Others participating in the research include Sneha Berry, Benjamin F. Green, Elizabeth Engle, Haiying Xu, Aleksandra Ogurtsova, Seyoun Park, Elizabeth M. Jaffee, Leslie Cope, Evan J. Lipson, Ludmila Danilova, Robert A. Anders and Drew M. Pardoll of the Bloomberg~Kimmel Institute for Cancer Immunotherapy and the Mark Center for Advanced Genomics and Imaging at Johns Hopkins University; Nicolas A. Giraldo, Tricia R. Cottrell, Julie E. Stein, Qingfeng Zhu, Alexander Baras, Angelo DeMarzo, Peter Nguyen, Charles Roberts, Daphne Wang, Sigfredo Soto-Diaz, Jose Loyola, Inbal B. Sander, Danielle Signer, Joel C. Sunshine and Suzanne L. Topalian, of the Kimmel Cancer Center and Bloomberg~Kimmel Institute for Cancer Immunotherapy, Johns Hopkins University School of Medicine; Joshua Doyle, Richard Wilton, Jeffrey S. Roskes and Margaret Eminizer of the Institute for Data Intensive Engineering and Science at Johns Hopkins University; and Pok Fai Wong, Shlomit Jessel, Harriet Kluger and David Rimm of the Yale School of Medicine.
The research was supported by funding from The Mark Foundation for Cancer Research; the Bloomberg~Kimmel Institute for Cancer Immunotherapy,; the Melanoma Research Alliance; the Harry J. Lloyd Charitable Trust; the Emerson Collective; Moving for Melanoma of Delaware; the Barney Family Foundation; the Laverna Hahn Charitable Trust; Bristol Myers Squibb; Sidney Kimmel Cancer Center Core Grant P30 CA006973; National Cancer Institute R01 CA142779; National Institutes of Health T32 CA193145 and P50 CA062924.

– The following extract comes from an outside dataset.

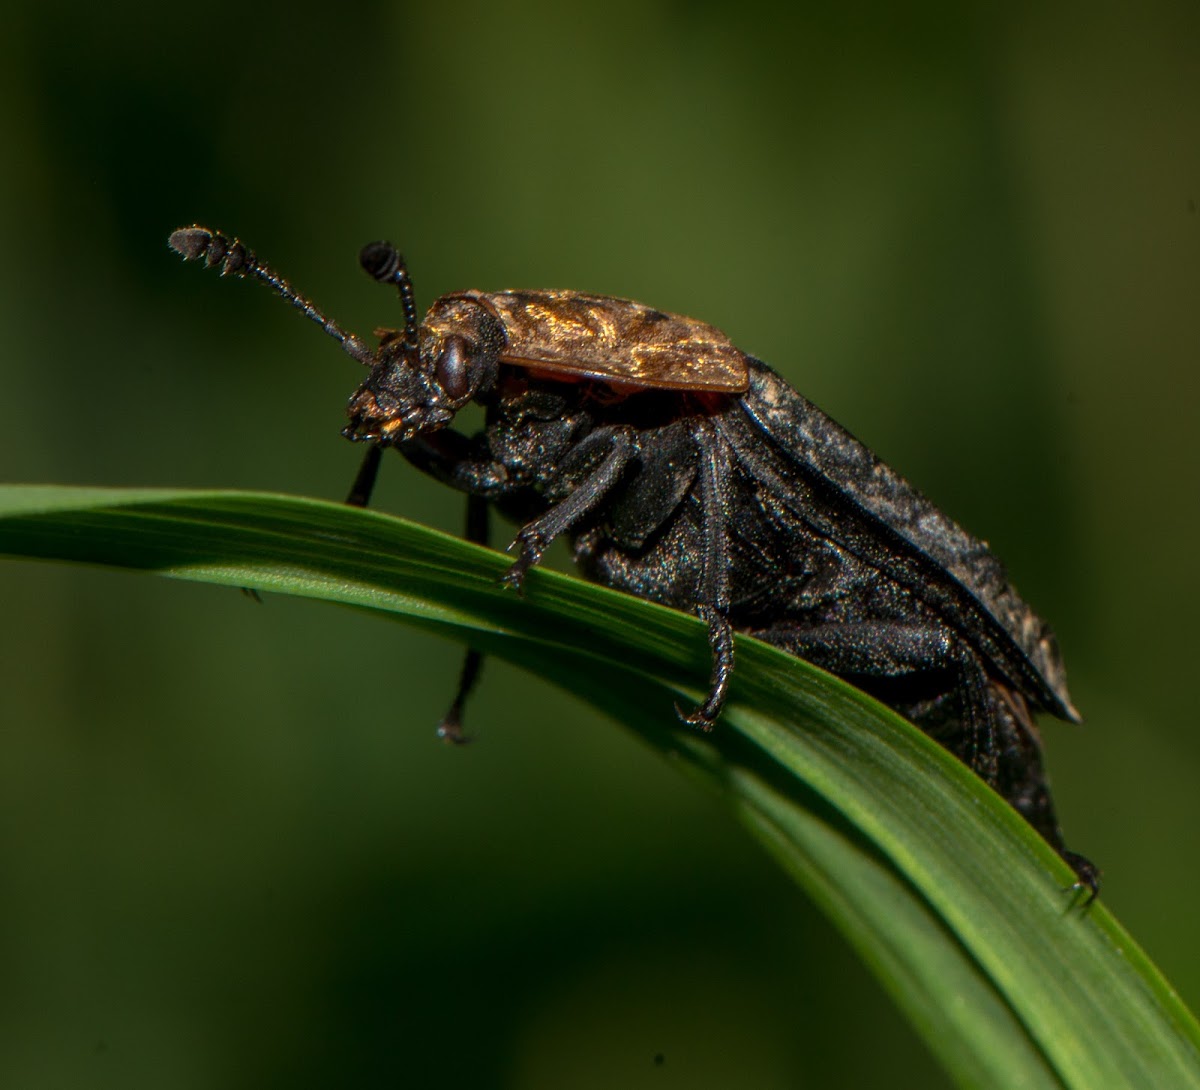 Red-breasted carrion beetle

Funding and materials for the study described in press release were partially provided by Bristol Myers Squibb. Equipment and reagents for the study described in this press release were partially provided by Akoya Biosciences. Drs. Janis Taube and Evan Lipson are consultants and advisory board members for Bristol Myers Squibb. Dr. Robert Anders is a consultant to Bristol Myers Squibb. Drs. Taube and Alexander Szalay are consultants to Akoya Biosciences. Drs. Taube and Szalay also serve on the advisory board of Akoya Biosciences and hold stock in Akoya Biosciences. There is a patent pending related to image processing of mIF/IHC images. These arrangements has been reviewed and approved by the Johns Hopkins University in accordance with its conflict of interest policies.